Elliott Perkins '23, professor of History, said he thought teaching experience would be of great value to prospective Ph.D. candidates, and could also improve middle-group courses.
"In some cases meeting with young, alert people might be more helpful than listening to some old goat driveling away on the platform," he said. Perkins warned, however, that teaching fellows would require close supervision by senior Faculty members because "too much delegation of responsibility to inexperienced people could bring bad results."
Student Response Important
Perkins said he would use teaching fellows in his own course, History 142, next fall, and stated that the success of the program would be measured by student response. "Over the years the Harvard undergraduate has responded to things worth responding to," he stated.
The Government Department voted last night "in principle" to join the History Department in extending long-term fellowship aid to its graduate students.
Dean Ford estimated yesterday that the expanded fellowship program would cost the University from $80,000 to $150,000 a year for each department that decides to adopt it.

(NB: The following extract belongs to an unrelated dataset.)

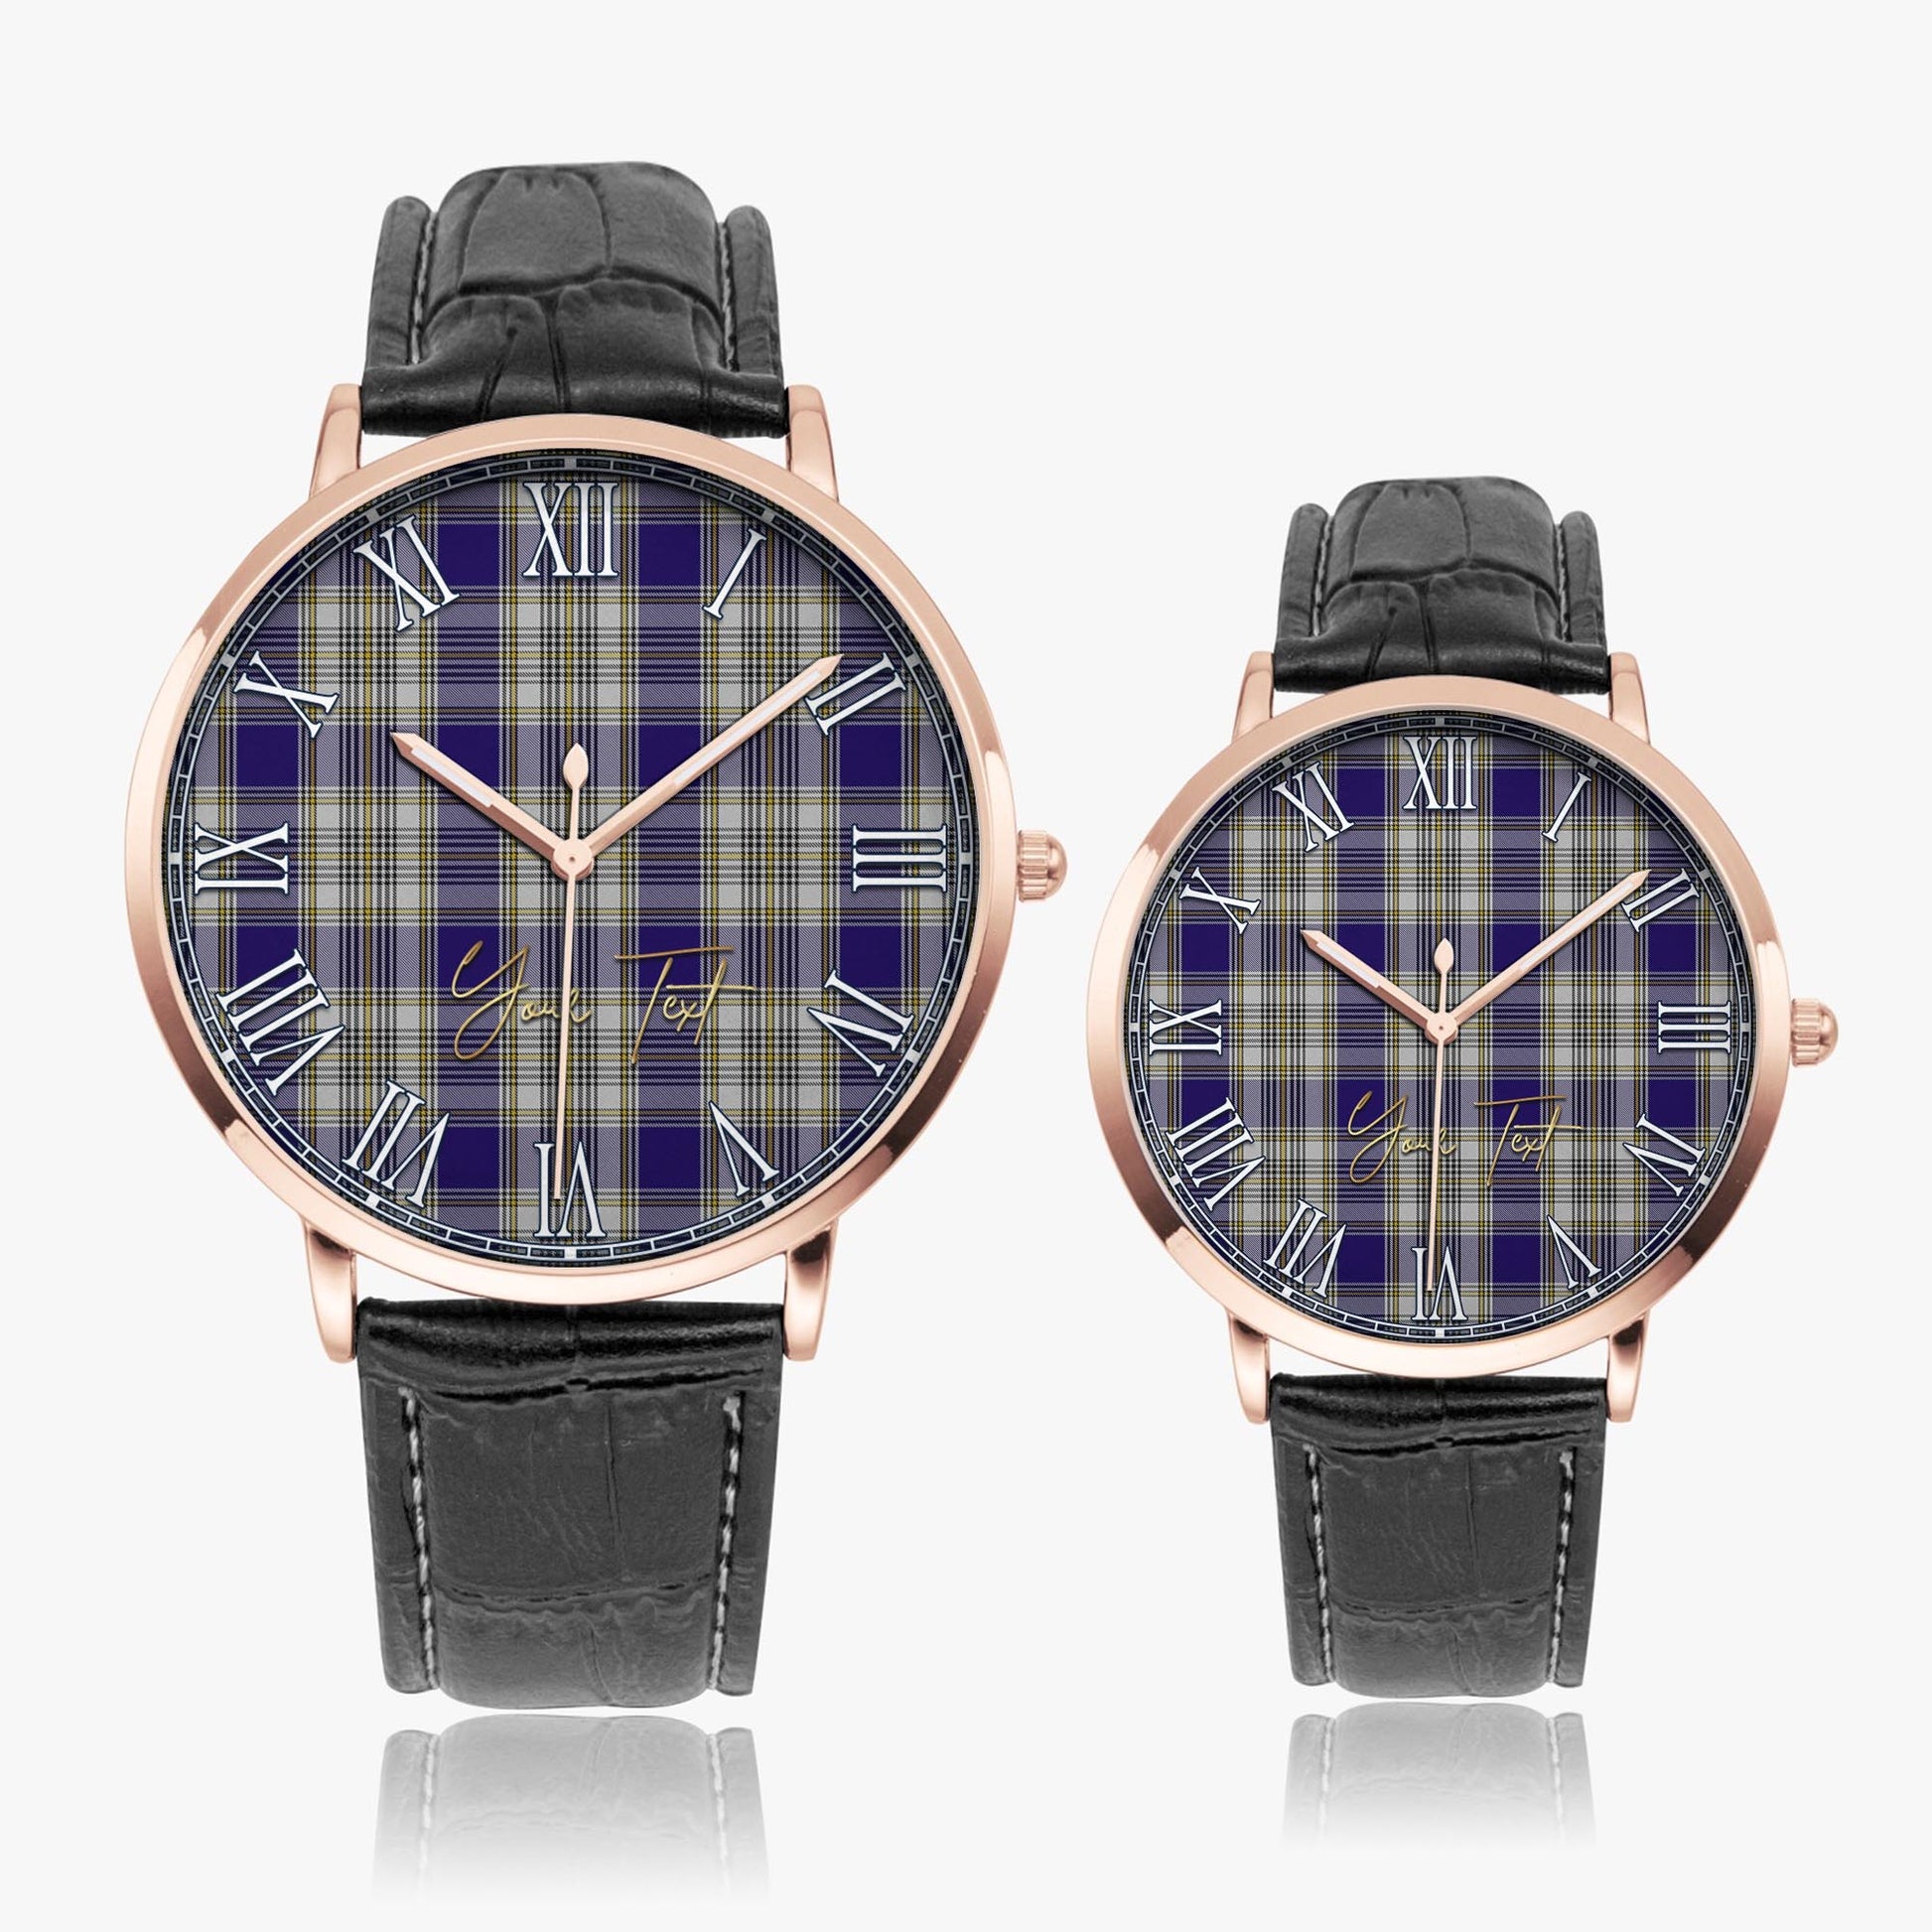 Livingston Dress Tartan Personalized Your Text Leather Trap Quartz Watch Ultra Thin Rose Gold Case With Black Leather Strap - Tartanvibesclothing

The estimates are for five years from now, when the University would be footing the bill for tuition plus $1500 expenses for first and second year graduate students, as well as students in their final year of study. History students in their third and fourth years would be classed as teaching fellows and would be paid under that program.
John T. Dunlop, professor of Economics and department chairman, said the Ec department would consider some form of the History Department plan this fall, and would welcome the opportunity to offer long-term fellowships to its graduate students.
Ec Well Staffed
But he said the department would not want to tie fellowship aid to teaching requirements because middle group courses in Economics are already fairly well staffed with teaching fellows. "At present a very high proportion of our good students do teach," Dunlop said. "There is no shortage of teaching appointments for those I consider well qualified--in fact I've been pressed pretty hard to recruit the quality of staff I'd like to get."
Dunlop said he was opposed to the indiscriminate sectioning of middle group courses; to be valuable the section hour must be well planned and "must have an independent life of its own." "I'm somewhat opposed to the standard quiz section approach," he stated.